Hello,
I am performing RNA-Seq data analysis to find differentially expressed genes in my data. The data is from inoculated leaves of Barley. The data has 5 mutants and 6 time-points. Each of the mutants and each time-point has 3 technical replicates brining up the total number of samples to 90. There are roughly 40,000 genes in Barley that I wish to probe for differential expression. I have obtained the gene read counts using RSEM. I have some questions about the analysis.
1) My goal is to carry out differential gene analysis, gene expression clustering and construct gene regulatory network from the expression data. For the DGE analysis, I want to find genes which are differentially expressed within each mutant across different time-points. Also I wish to find genes which are differentially expressed among different mutants at a given time-point. I have used the function rsem-generate-data-matrix to combine the counts from the 90 samples. I have read this count data in R. But I cannot understand how I will obtain the desired differential expression p-values and log2FC. Here is the code I have written.
samples <- read.csv("counts.csv", header=TRUE,row.names=1)
# Selecting genes by counts
counts = subset(samples, rowSums(samples > 1) >= 3)
time=c(0, 16, 20, 24, 32, 48)
gen=c("bln1", "dm", "mla6", "rar3", "wt")
cols=data.frame(genotype=rep(gen, each=3*6), timepoint=rep(rep(time, each=3),5), replication=rep(c(1,2,3),30))
cols$timepoint = as.factor(cols$timepoint)
cols$replication = as.factor(cols$replication)
rownames(cols) = colnames(counts)
dds=DESeqDataSetFromMatrix(countData = counts, colData = cols, design = ~ genotype * timepoint * replication)
dds=DESeq(dds)
results(dds)
# Extracting and writing normalized counts
temp = counts(dds, normalized=TRUE)
norm_counts = data.frame(gene = rownames(temp), temp, row.names = NULL)
I think I have to alter the design for each kind of analysis, but I am unsure how to do so. Does the DESeq() function automatically perform normalization? In the code above, I have created the variable "dds" using the "counts" which is not normalized. Do I have to perform normalization and then create the "dds" variable? Here is the link for the counts file.
2) For gene expression clustering and gene regulatory network should we perform rst or vst? Also should the transformation be performed on the raw count or on the normalized counts?
3) I am also not quite sure what conclusion can be drawn from the MA plot.
4) What is the need for shrinkage?
Thank you
Answering some of your questions (you had too many, not a good practice):
Yes, DESeq() automatically perform normalization, you create the DESeqDataSet with counts, as shown on DESeq2 vignette.

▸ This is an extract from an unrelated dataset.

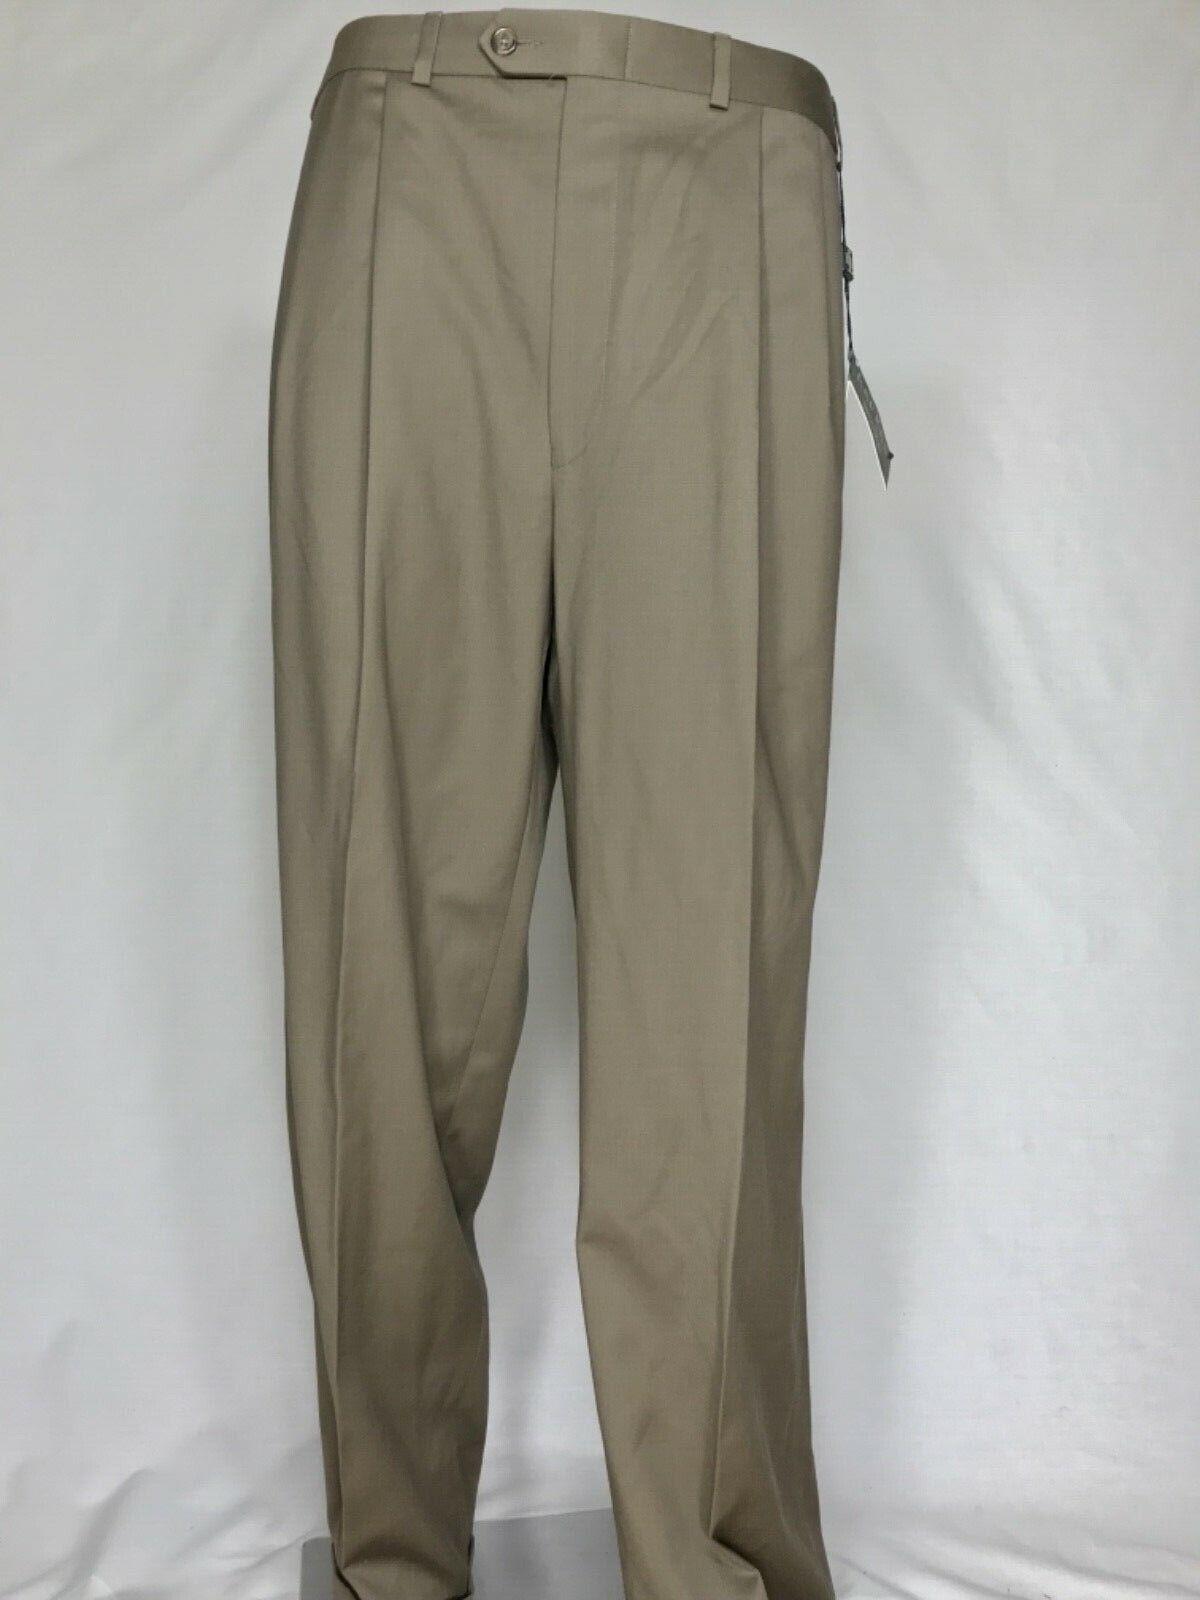 3204 NWT RALPH LAUREN Mens 36W 32L Suit Dress Pants Trousers Total Comfort Wool
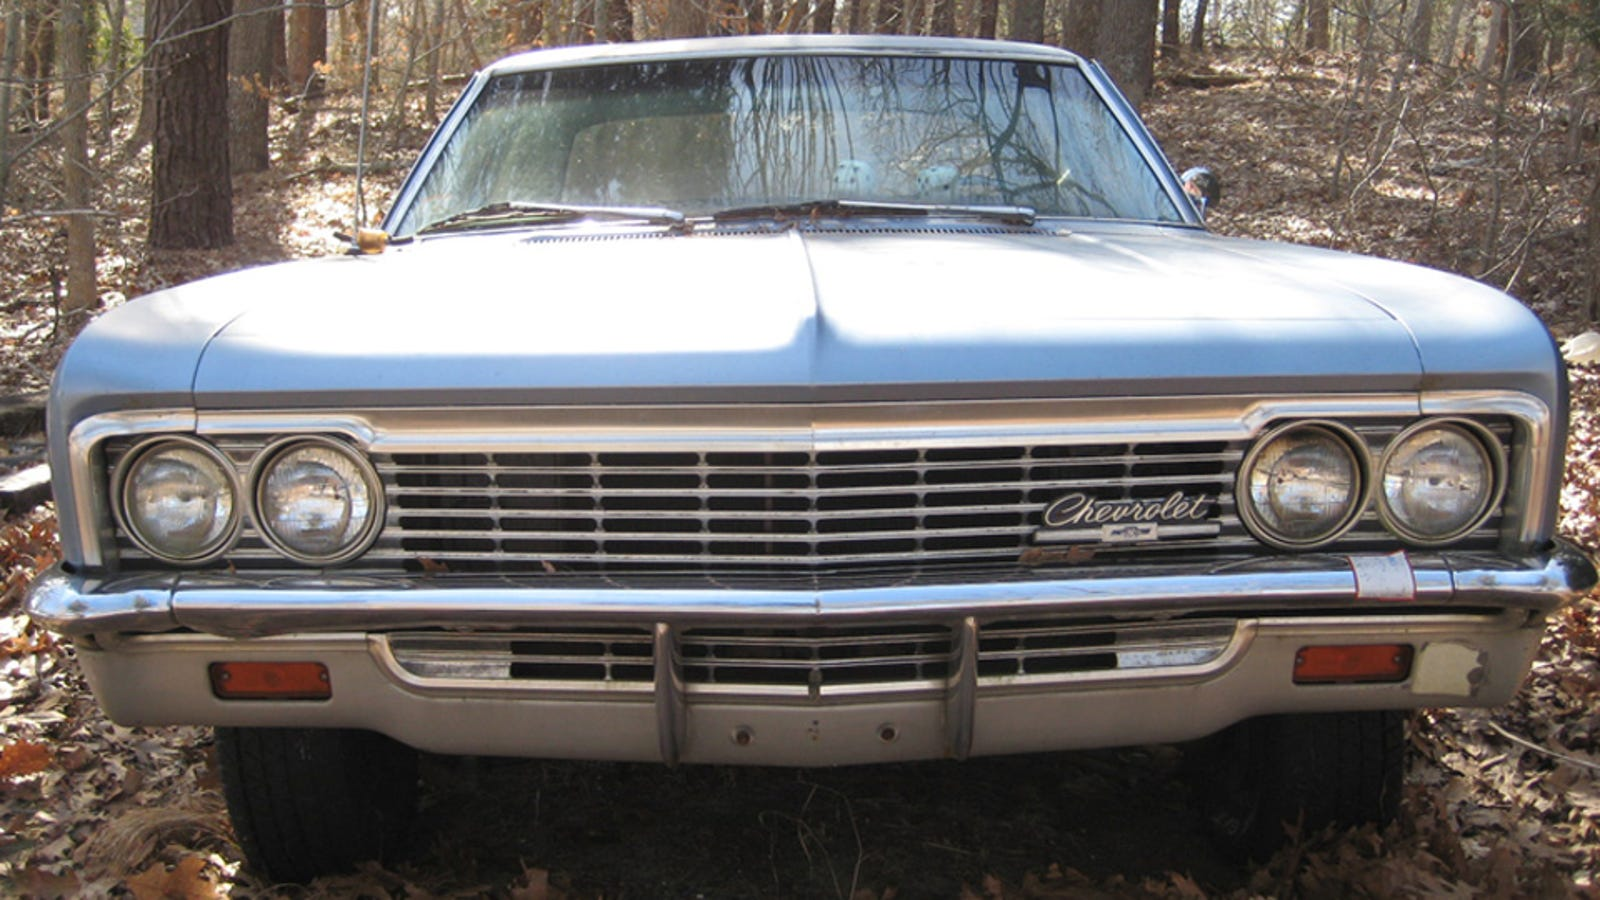 1966 Chevrolet Bel Air Caprice Clic

For clustering, I use rlog(). rlog() transforms count data, but as it is a DESeq2 function, it also accepts a DESeqDataSet object. I don't know what kind of "gene regulatory network" analysis you have in mind, so I don't know which transformation (if any) is best.
You said you used RSEM to obtain the counts. RSEM primary goal is to obtain transcript level cunts, but DESeq2 is designed to perform differential gene (not transcript) expression. Did you summarize your RSEM results into gene counts?
P.S.: look at the time-course design from this BioConductor RNAseq workflow.
Thank you for your reply.
RSEM generates both counts at the gene level and also at the transcript level. For this experiment I am planning to use only the gene counts and not the transcripts counts.